AI review works the same way. Run before human review in CI. Block on high-confidence issues like SQL injection or hardcoded credentials, and post low-confidence findings as optional suggestions along with areas where human reviews are essential like architecture. The language also makes a difference. If reviewers see “Security scan passed” or “3 optional items,” they focus on remaining things. If bot suggestions are mixed with human comments, they end up reviewing both the code and the bot’s suggestions.
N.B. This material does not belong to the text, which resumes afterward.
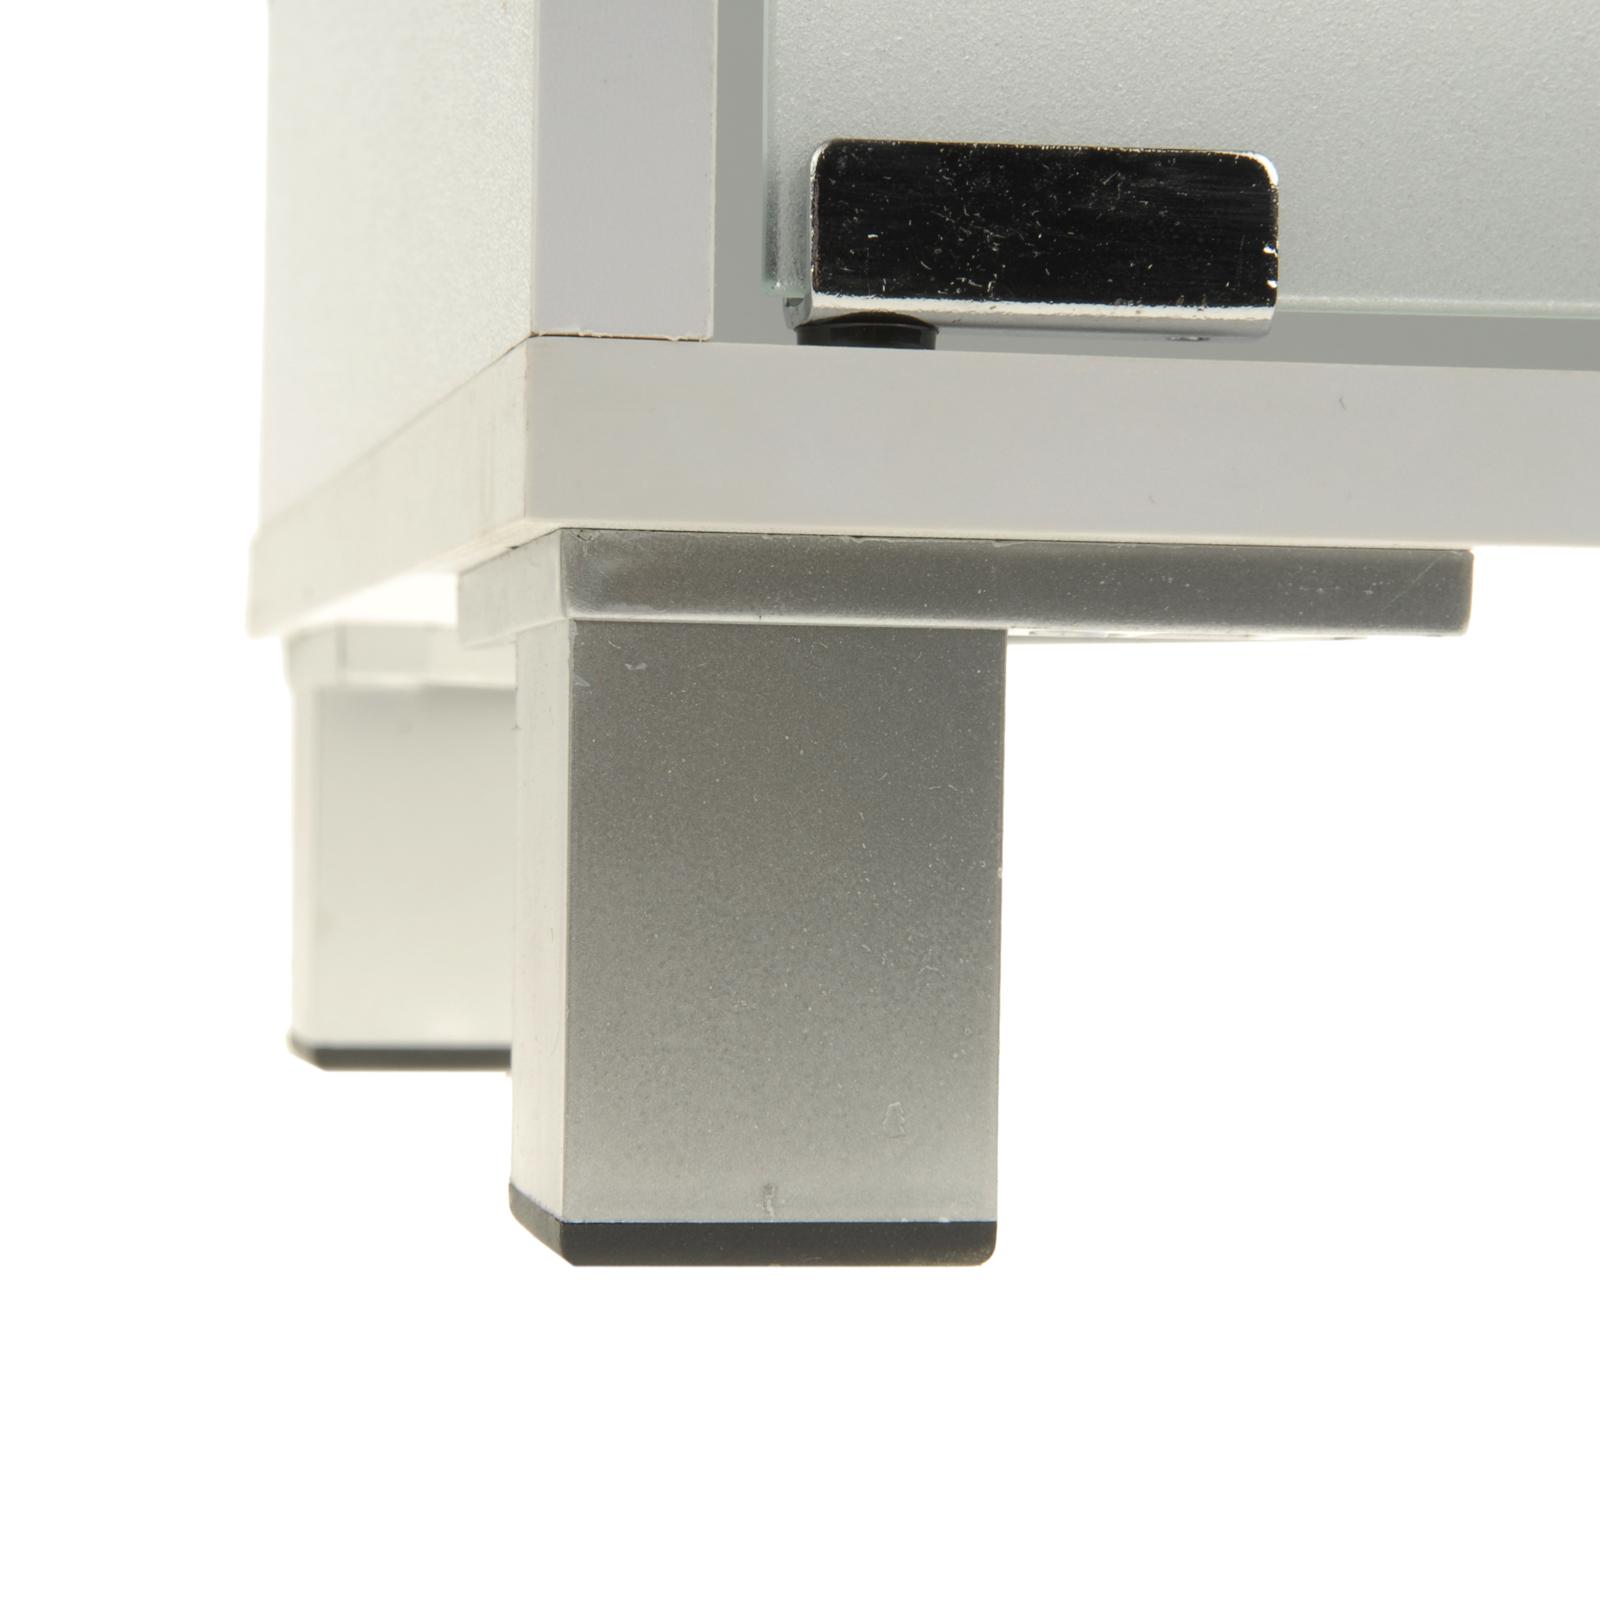 waschtischunterschrank mit 3 schubladen in wei waschtisch unterschrank neu ovp ebay. Black Bedroom Furniture Sets. Home Design Ideas

The removal test reveals purpose. Remove the tool and observe what happens. If humans then spend more time on security checks and production issues increase, the tool was filtering real problems—right layer. If reviews just move faster without more bugs escaping to production, the tool was adding overhead without adding value—wrong layer.
Testing Configuration as Production Architecture Link to heading
The pattern repeats across maturity levels. A test of 8 tools found two couldn’t run at all. None caught a severe production bug. The Beko study used Qodo PR-Agent with GPT-4, running for six months. Google’s ML review has run for years with custom models tuned to their codebase. Whether testing immature tools or running production systems, teams configure AI review to run on every PR and gather accuracy data, but rarely update the workflow based on what they learn. The 2h 28m closure increase becomes permanent infrastructure.
Testing accuracy requires gathering rejection rates and failure modes to tune precision. That’s essential upfront. Teams need to revisit configuration frequently early on (weekly or bi-weekly), then continuously as patterns stabilize (monthly or quarterly). The data should inform where the tool fits in review flow, not become the workflow itself.
You’re ready to shift from testing to production architecture when acceptance rates stabilize around 70-75%, false positive patterns become clear (broad architecture suggestions vs. specific security checks), and high-confidence patterns emerge (SQL injection, missing validation). You’re stuck in permanent testing if closure times remain elevated at 2+ hours overhead, authors keep addressing bot feedback before human review starts, recursive loops persist (“with each fix, a new review is generated”), and the tool continues commenting on every PR during review.
The shift means moving high-confidence checks to pre-merge gates, surfacing low-confidence findings as optional suggestions, and dropping patterns that generate noise. The bottleneck from AI code persists—higher arrival rates, harder reviews, biological ceilings on capacity. AI review as currently deployed doesn’t solve this. It just moves the queue to a different layer.
The question isn’t whether AI review works. It’s how you’re using it: whether you’re still gathering accuracy data or actually using the tool to filter load. The removal test I mentioned above makes this concrete. If reviews move faster without more bugs escaping to production, you’re paying for testing theater, not architectural value.